Experiment 1: testing three different SAFEs on a beam trawl
For the first experiment, the trawler was rigged with identical, paired 6-m beam-and-sled (1.07 × 0.76 × 0.1 m; 108 kg) assemblies. These spreading mechanisms were anteriorly attached to the towing wires via a 7.3 m bridle (Fig 1a) and posteriorly to trawl bodies with 9.19 m headlines (and footropes) and constructed from nominal 41-mm mesh (stretched mesh opening–SMO) and 1.25-mm diameter−Ø twisted polyethylene (PE) twine (for a trawl plan, see [14]). Both trawl bodies had identical conventional Nordmøre-grids (28-mm bar spacing) and square-mesh codends (120 × 75 bars) made from nominal 27 mm SMO polyamide mesh (1.25-mm Ø twine) hung on the bar (Fig 1b).
Schematic representation of the (a) beam trawl showing towing bridle and attachment locations of the (I) small-plastic (polypropylene–PP) (60 × 200 × 1 mm), (II) large-plastic (PP) (200 × 200 × 1 mm) and (III) the single-wire (1.50-mm Ø stainless steel) simple anterior fish excluders (SAFEs) tested in experiment 1 and (b) otter trawl with the polyvinyl chloride (PVC) continuous-plastic SAFE tested in experiment 2. The extension (with Nordmøre-grid) and codend (c), used in both experiments, are highlighted. PA, polyamide; PE, polyethylene.
Three SAFE treatments were constructed; all stretched between the sleds at 0.3 above the baseplates (Fig 1a). The first treatment comprised a single 6-m long, 1.50-mm Ø stainless-steel wire (termed ‘single wire’) while the second and third had the same wires, but also included 12 evenly distributed flat strips (all 0.2 m long) of 1-mm thick green polypropylene (PP) that were either 0.06- (termed ‘small plastic’ and the same as those tested by McHugh et al. [14]) or 0.2-m (‘large plastic’) wide (Fig 1a).

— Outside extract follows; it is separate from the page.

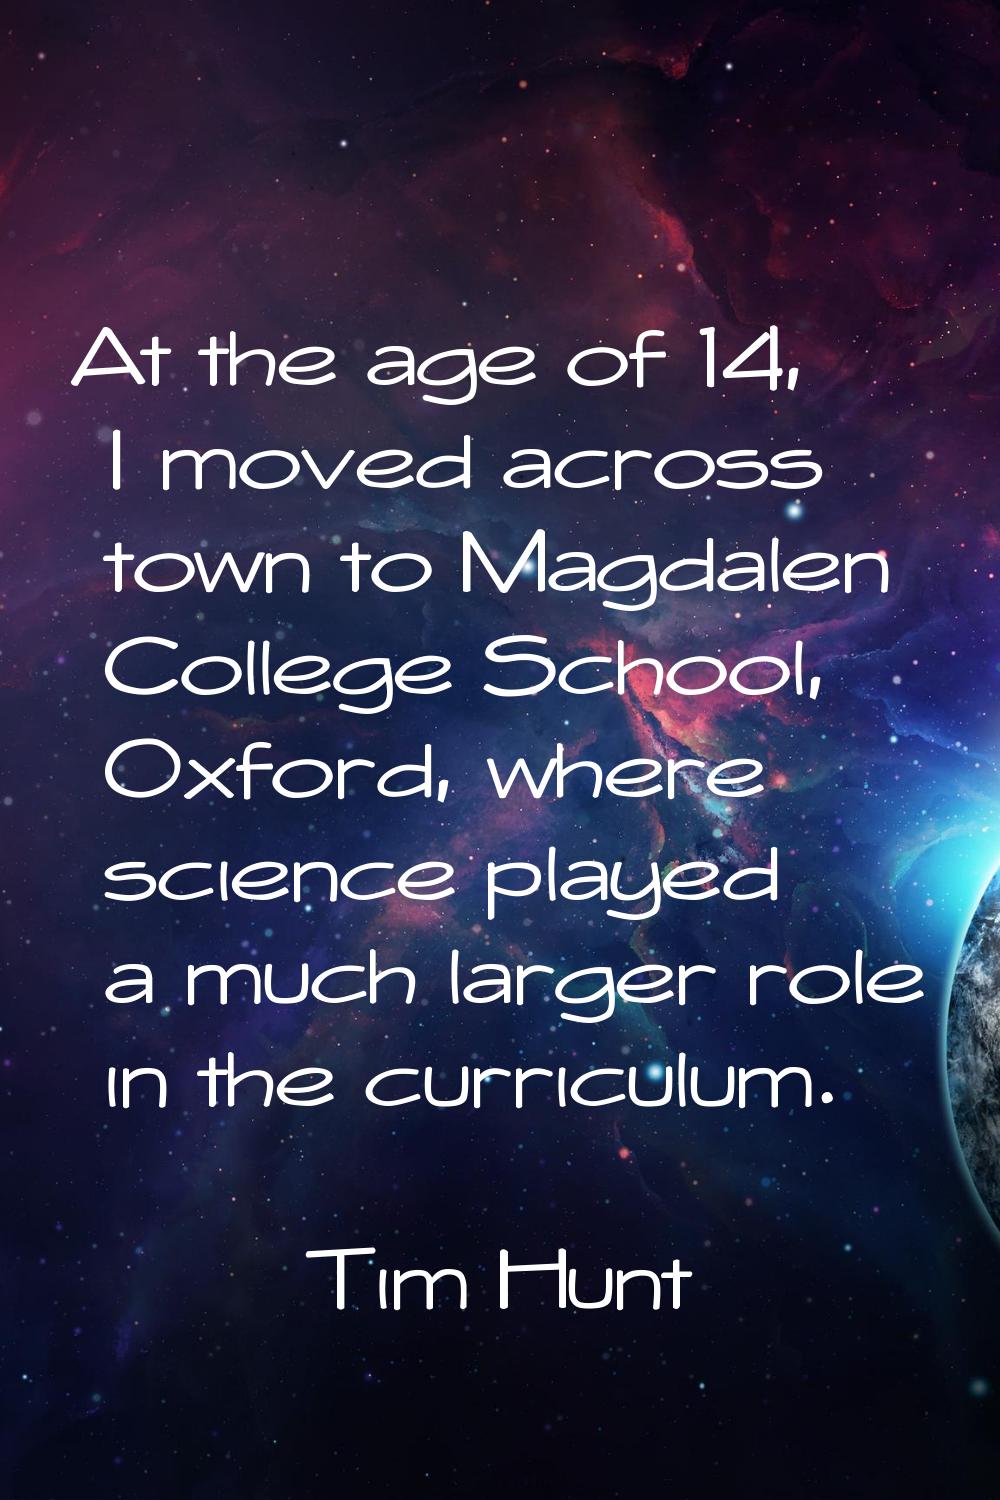 At the age of 14, I moved across town to Magdalen College School, Oxford, where science played a mu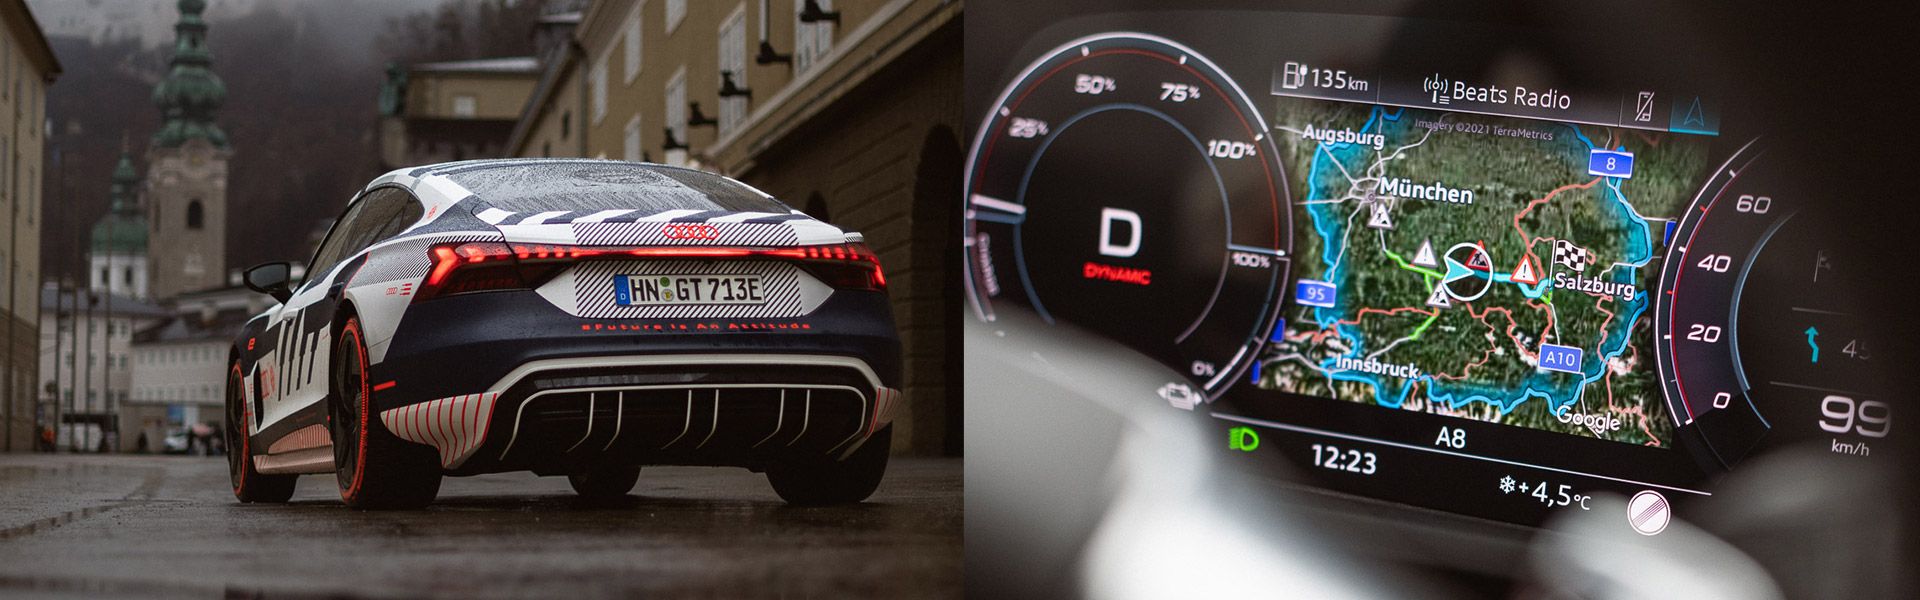 Rearview of the Audi RS e-tron GT next to an image of the Munich Salzburg route on the navigation system

The PP strips were secured to the main line by a snap-lock (ball bearing) swivel that was attached midway along their leading edges (Fig 1a). Prior to the experiment, the small- and large-plastic strips were secured at several (e.g. centre, edge and middle) attachment points to a pole, which was pulled through the water (at ~1.50 m s–1) alongside a wharf and filmed with a Hero 3+ GoPro. The plastic strips attached at the centre of their leading edges were observed to spin erratically.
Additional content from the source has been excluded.